Task to complete: Return only the lines below starting at the line containing "New features at" and ending at the line containing "In vivo distribution", both included, exactly as they are and with no pictures.

Start of Provided records

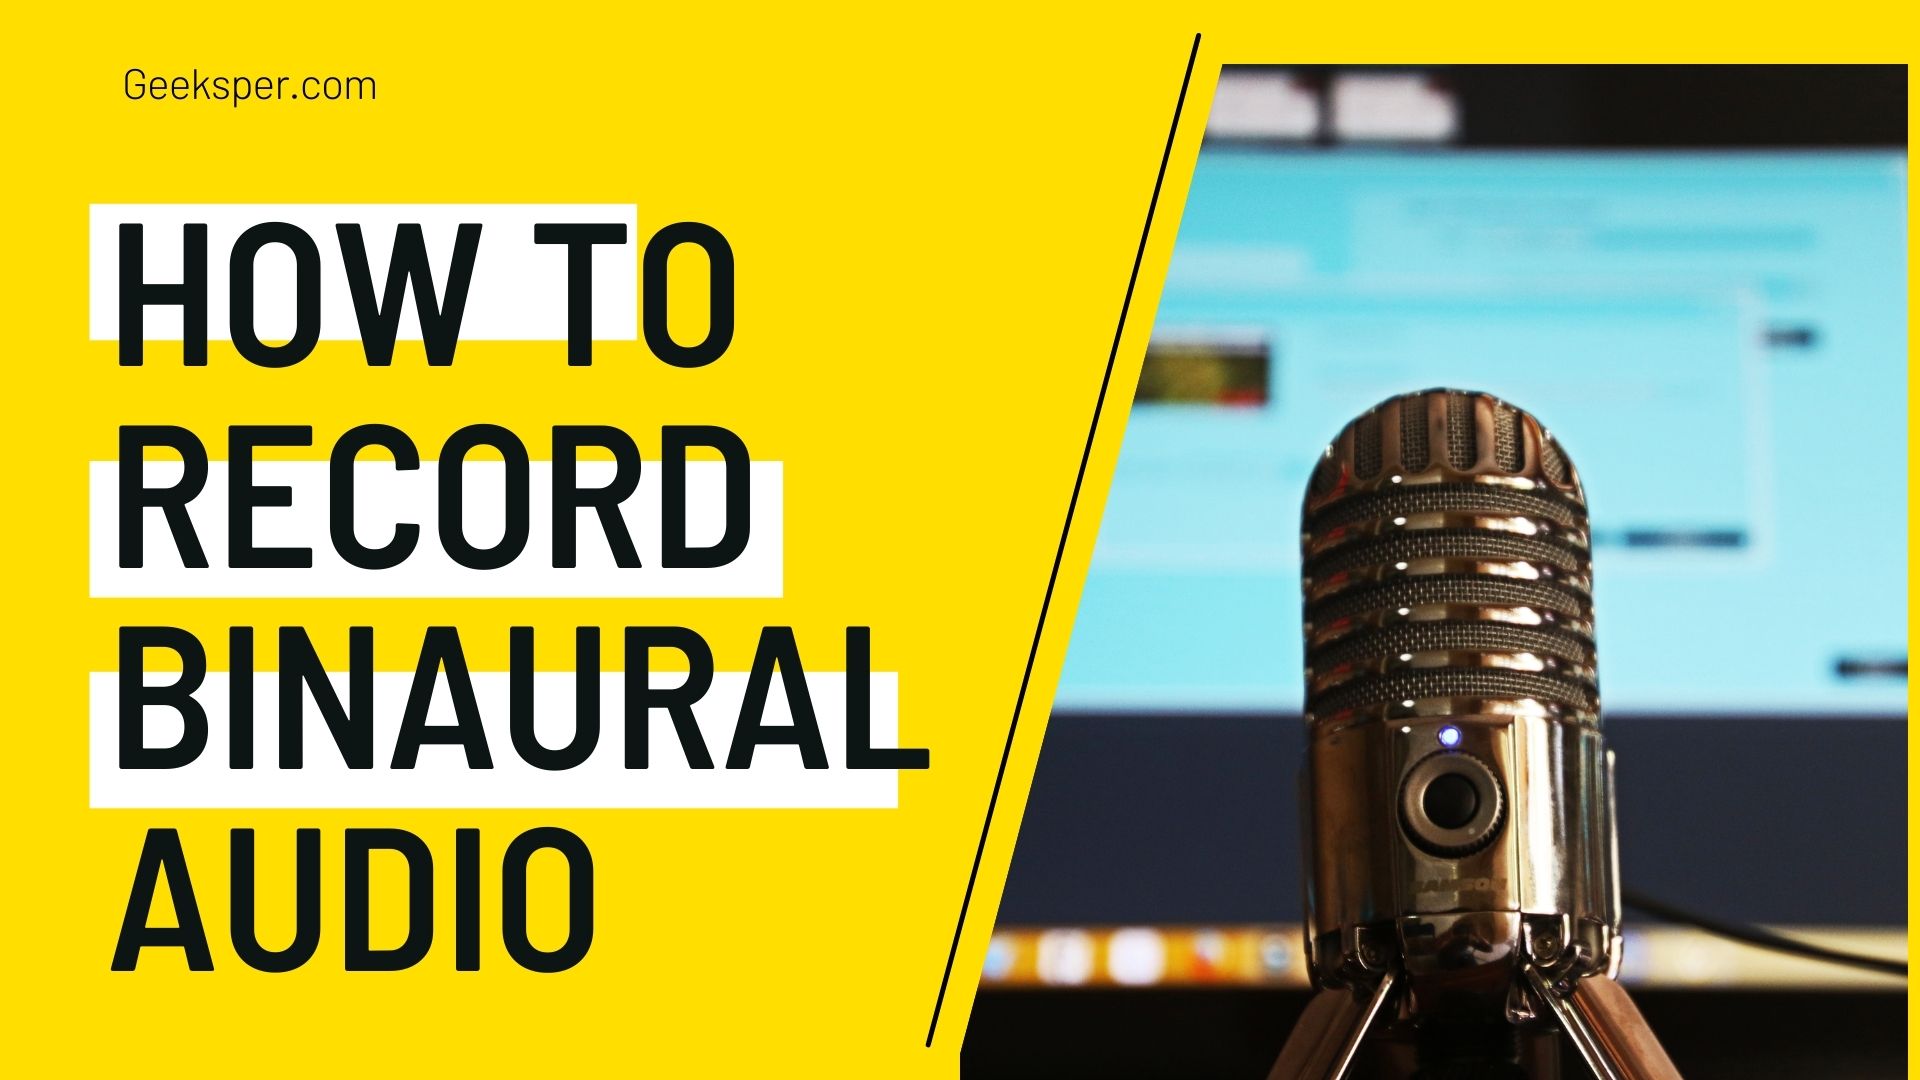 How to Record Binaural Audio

End of Provided records
Start of Provided records

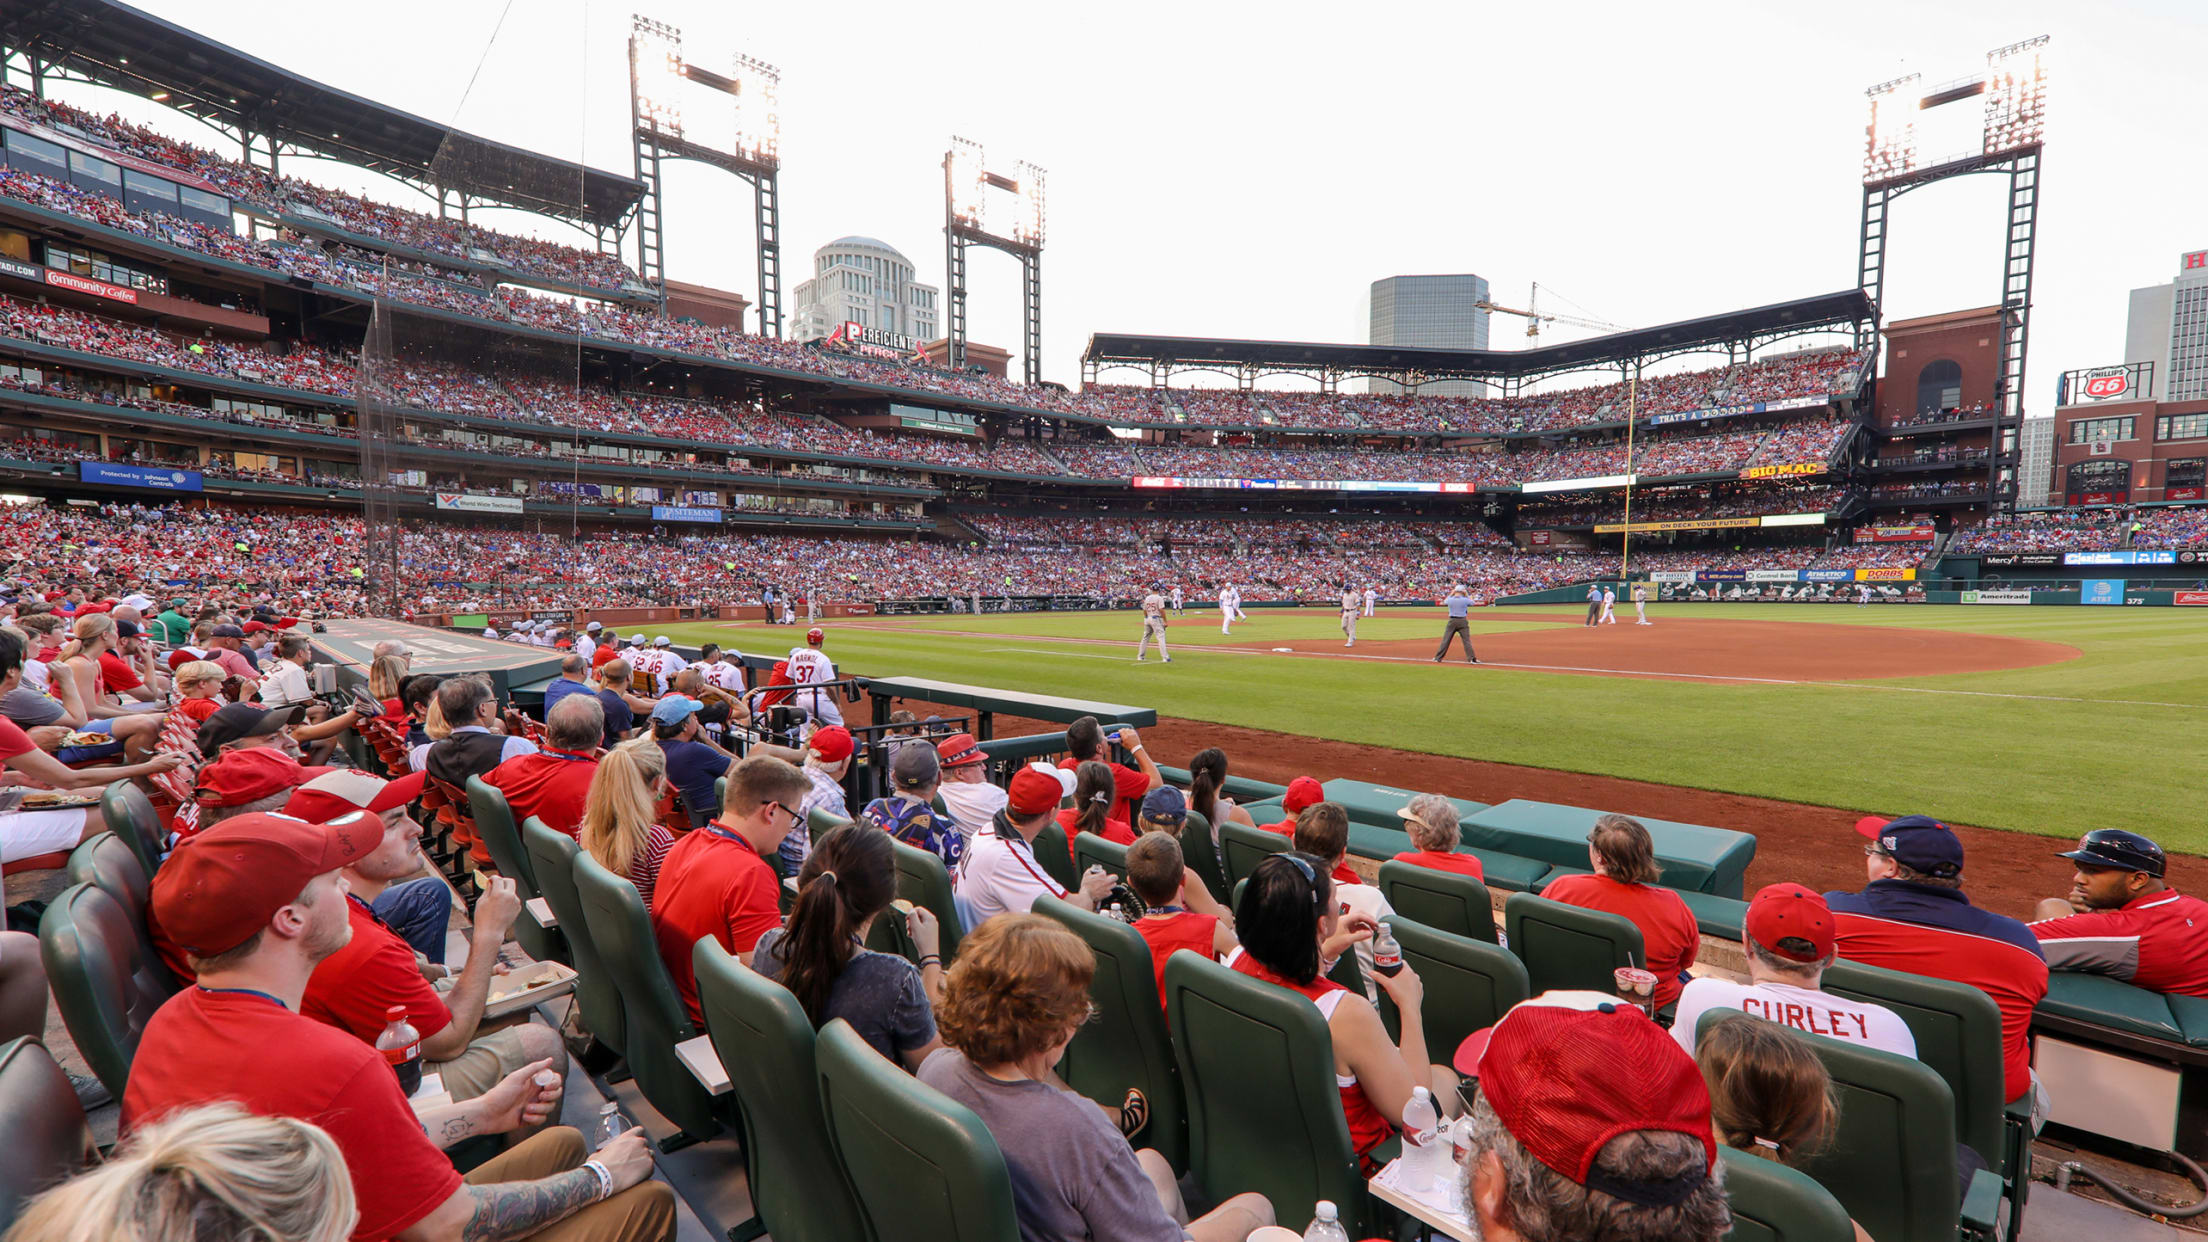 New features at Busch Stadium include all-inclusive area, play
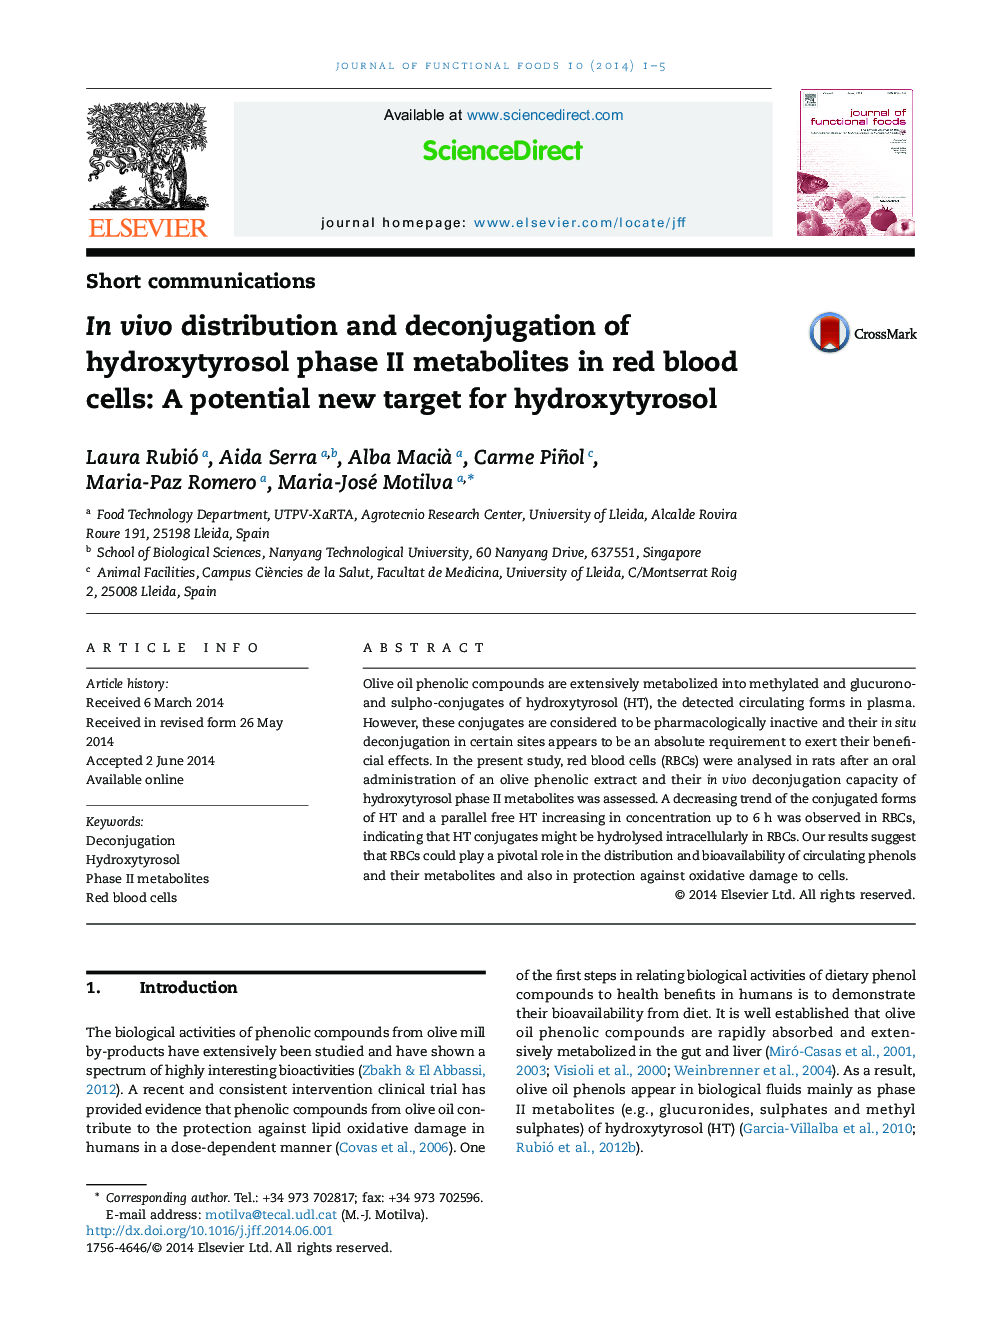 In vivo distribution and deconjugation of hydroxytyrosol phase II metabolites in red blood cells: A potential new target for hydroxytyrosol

End of Provided records
Start of Provided records

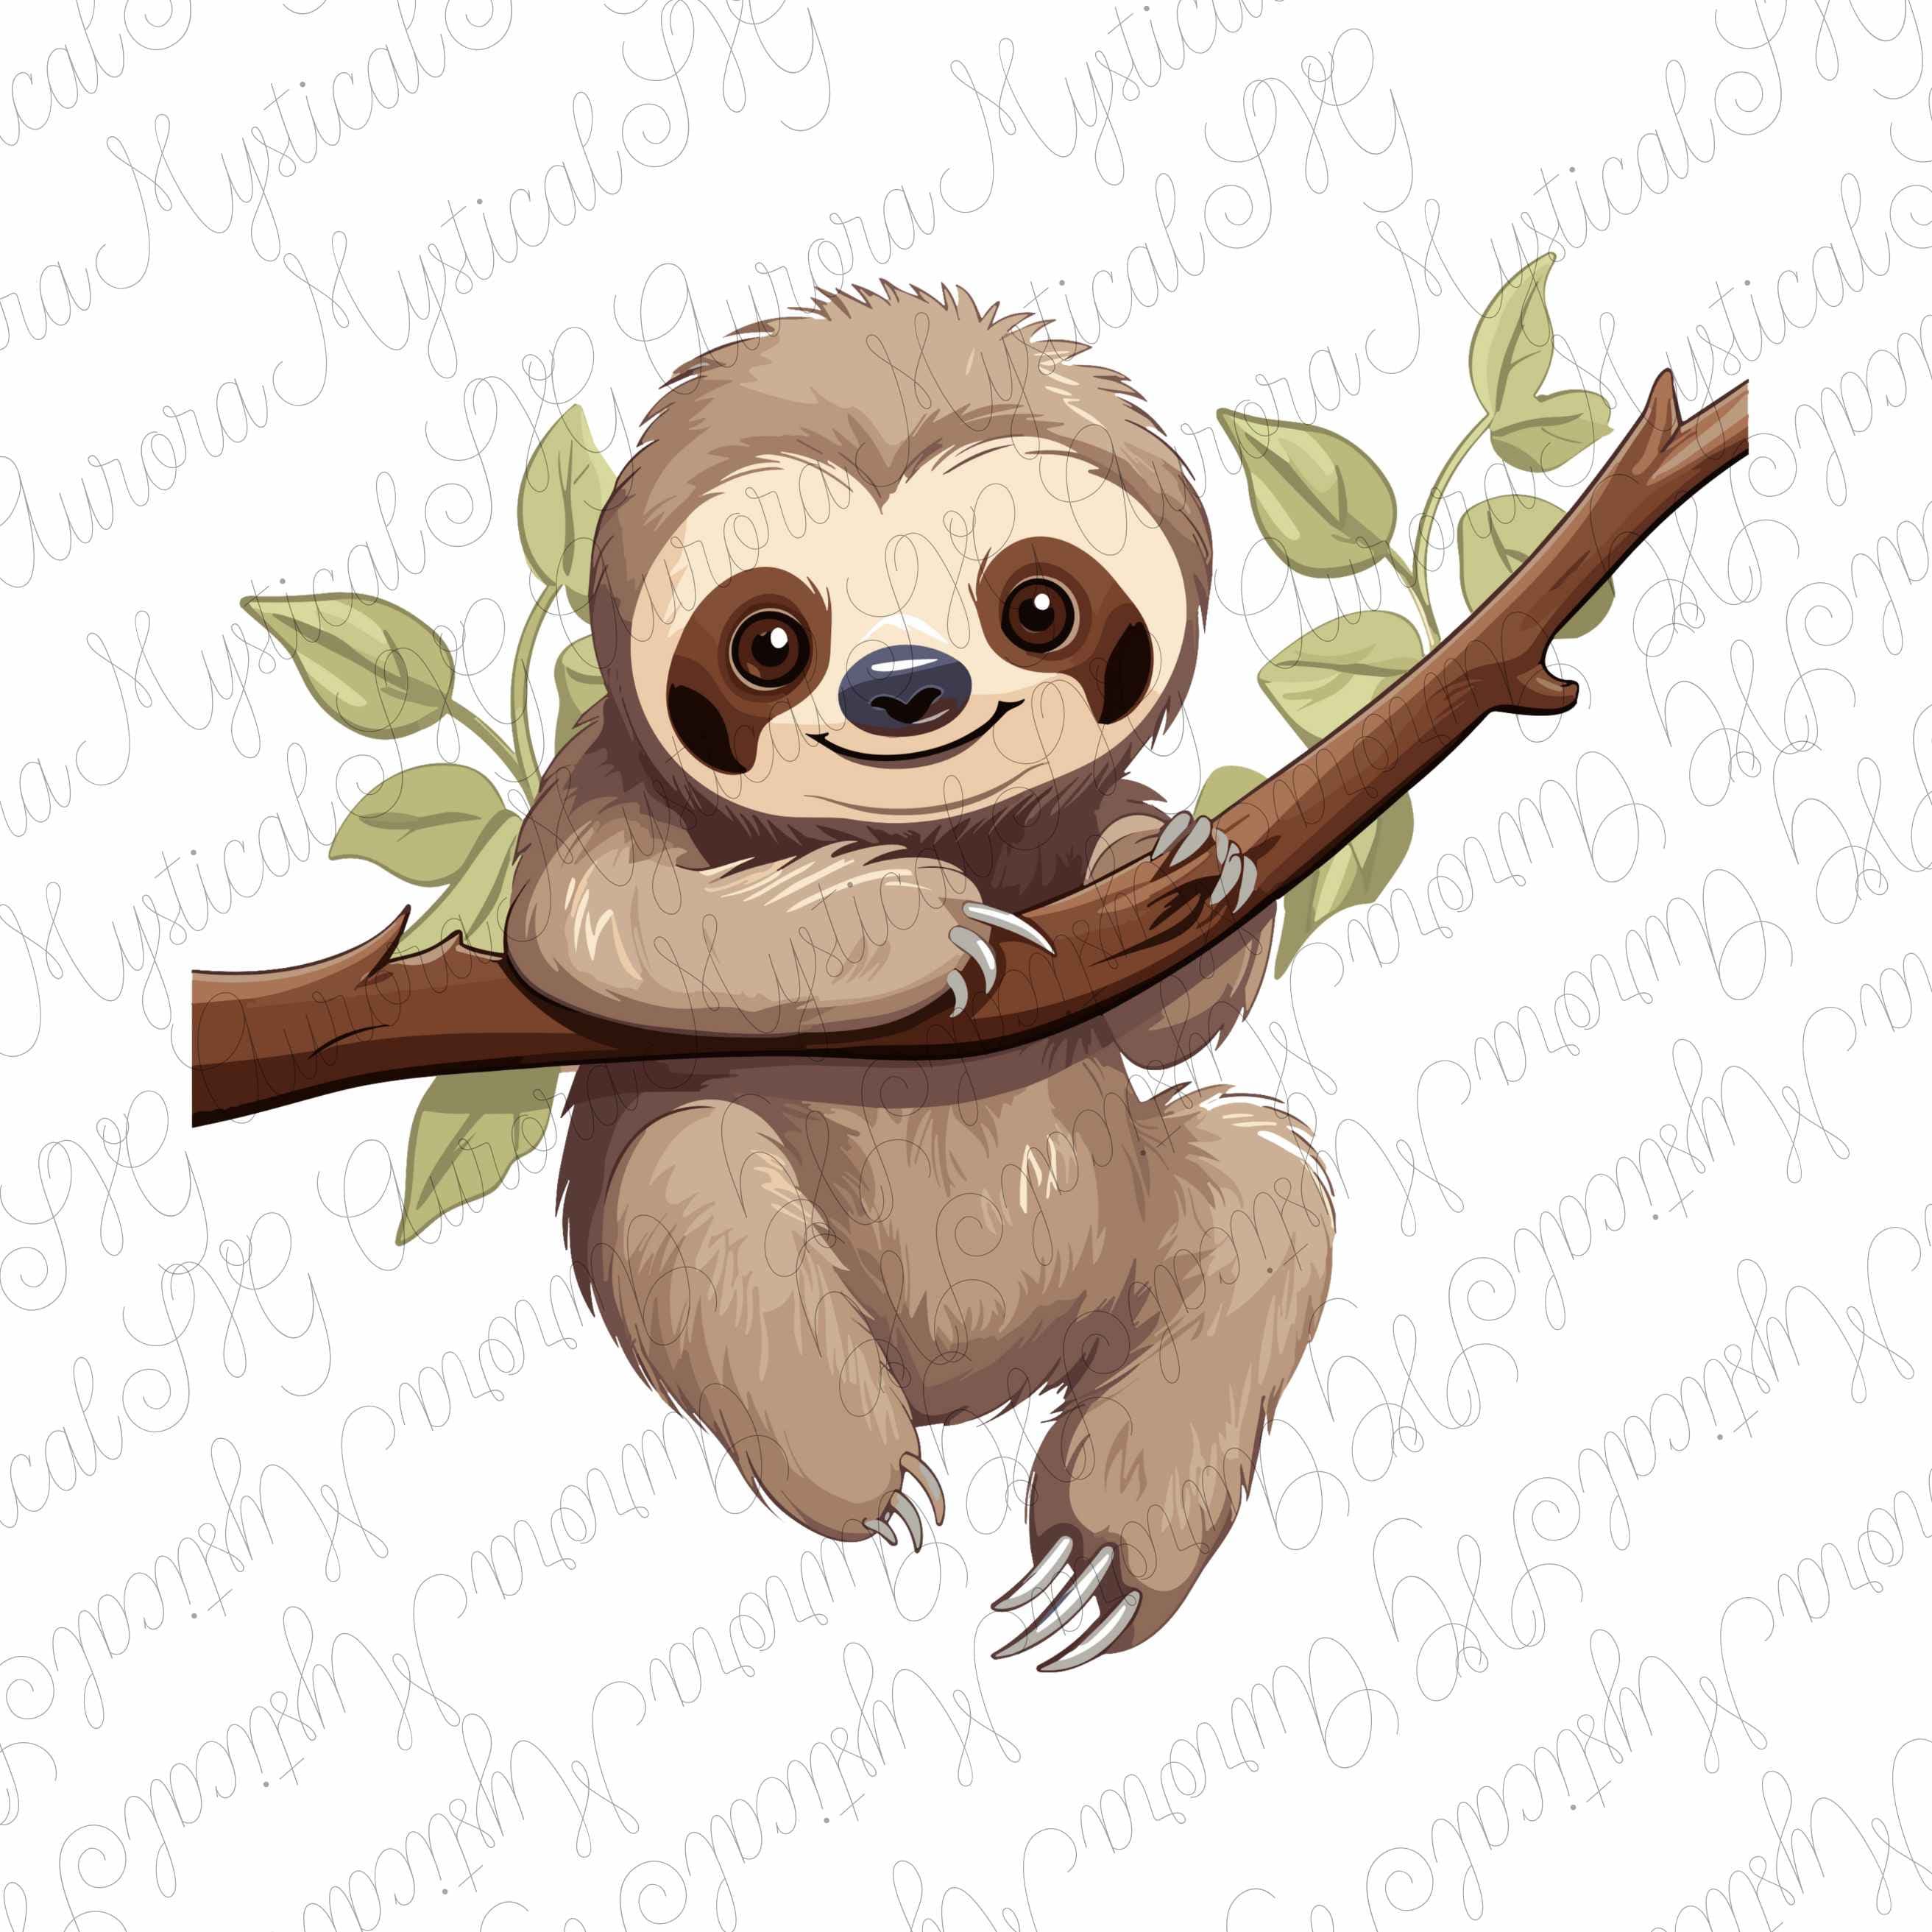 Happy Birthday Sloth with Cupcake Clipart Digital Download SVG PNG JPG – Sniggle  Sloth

End of Provided records

Output of the task:
 New features at Busch Stadium include all-inclusive area, play
 In vivo distribution and deconjugation of hydroxytyrosol phase II metabolites in red blood cells: A potential new target for hydroxytyrosol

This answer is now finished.